Однако в особенности это касается психотерапии, тем более когда она начала применять на практике логотерапию, а затем медицинское душепопечение, в процессе которого психотерапевт сочетает в идеальной совокупности эти разные области, эвристическим разделением которых мы столь озаботились в первой главе, дабы не впасть в психологизаторство.
И перед нами встает вопрос о принципиальном праве полагания ценностей, вопрос «об инстанции, от имени которой» (Принцхорн) совершается прорыв в царство мировоззрения, в духовное, в сферу ценностей. Этот вопрос – вопрос мировоззренческой честности и чистоты метода. Для врача, вышедшего из школы критического знания, ясно: дело медицинского душепопечения утвердится или падет в зависимости от того, удастся ли нам дать ответ на этот вопрос.

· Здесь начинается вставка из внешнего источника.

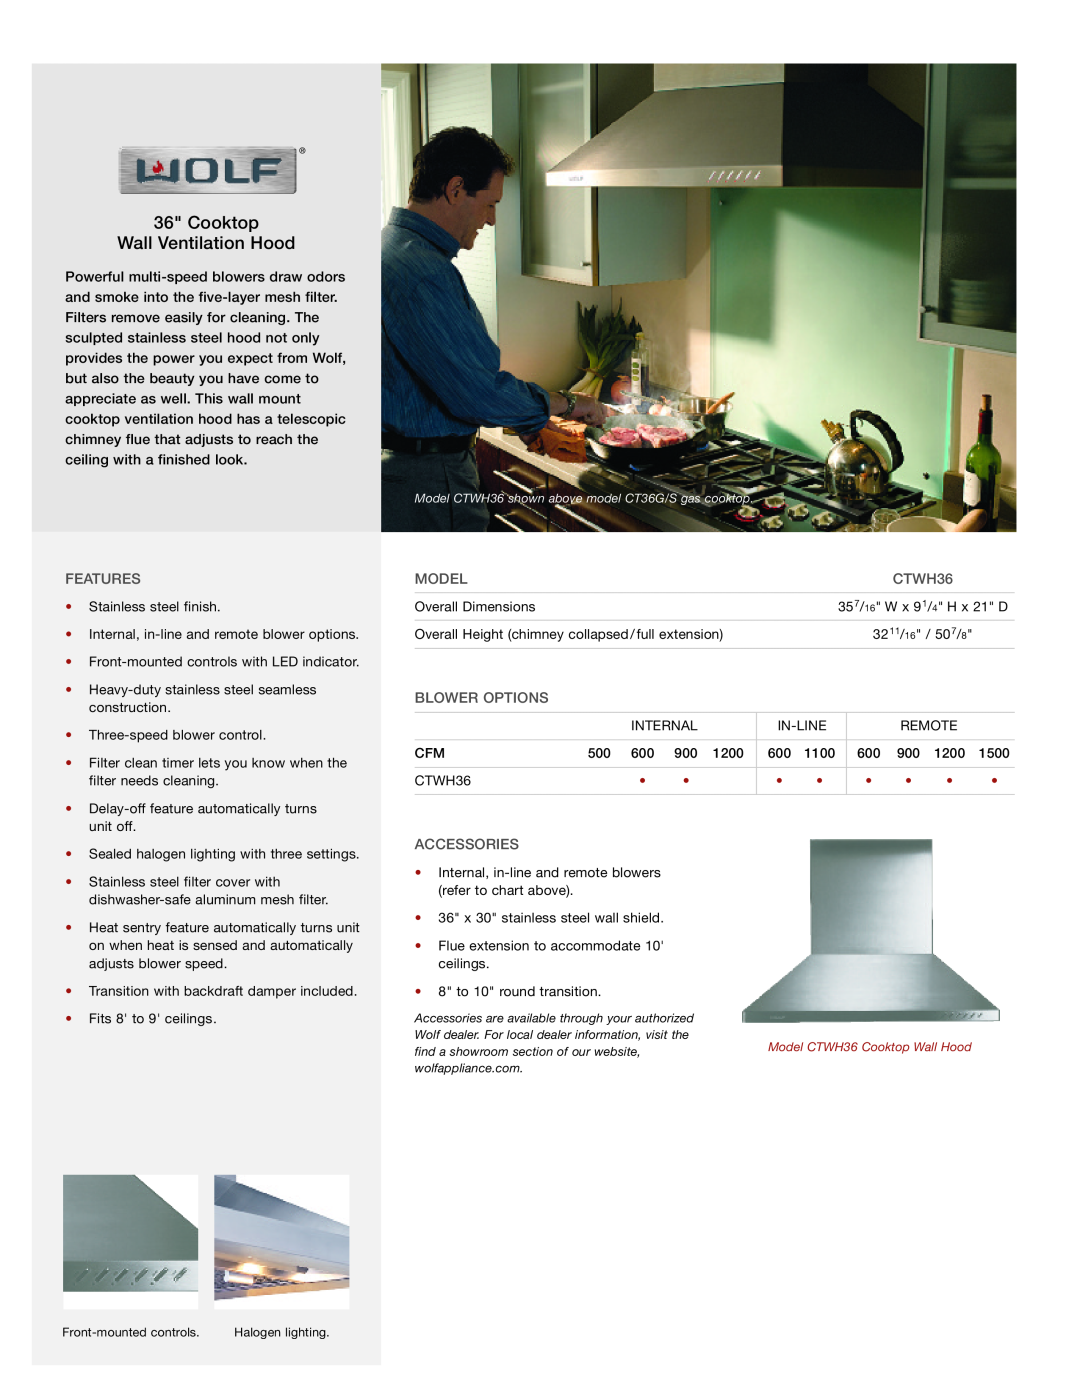 Wolf Appliance Company CTWH36 dimensions Cooktop Wall Ventilation Hood, Features, Model, Blower Options, Accessories

Если Гиппократ утверждает, что врач, который совмещает с медициной философию, равен богам, то мы, пытаясь внести в работу врача ценностные вопросы, нисколько не равняемся со священниками. Мы хотим лишь использовать все возможности врачебного ремесла до крайних пределов. На это мы отваживаемся, сознавая опасность, что подобное предприятие покажется затеей Прометея, ведь врач ежеминутно сталкивается с мировоззренчески обоснованными решениями пациента, и мы не можем решать эти проблемы дискретно: нам постоянно приходится занимать какую-то позицию.
Уполномочен ли врач, призван ли занимать в этом смысле какую-то позицию? Или же ему не разрешено, более того, строжайше запрещено ее занимать? Может ли он вмешиваться в решения пациента и не вторгается ли тем самым в частную, личную сферу духа? Не переносит ли собственное мировоззрение на пациента, несознательно и необдуманно? И если Гиппократ говорит: «Нужно внести философию в медицину и медицину в философию», не следует ли нам задать вопрос, не вносит ли таким образом врач в медицину то, что к ней вовсе не относится? Не допускает ли он мировоззренческую ошибку, обсуждая мировоззренческие вопросы с доверенным ему, ему вверившимся пациентом?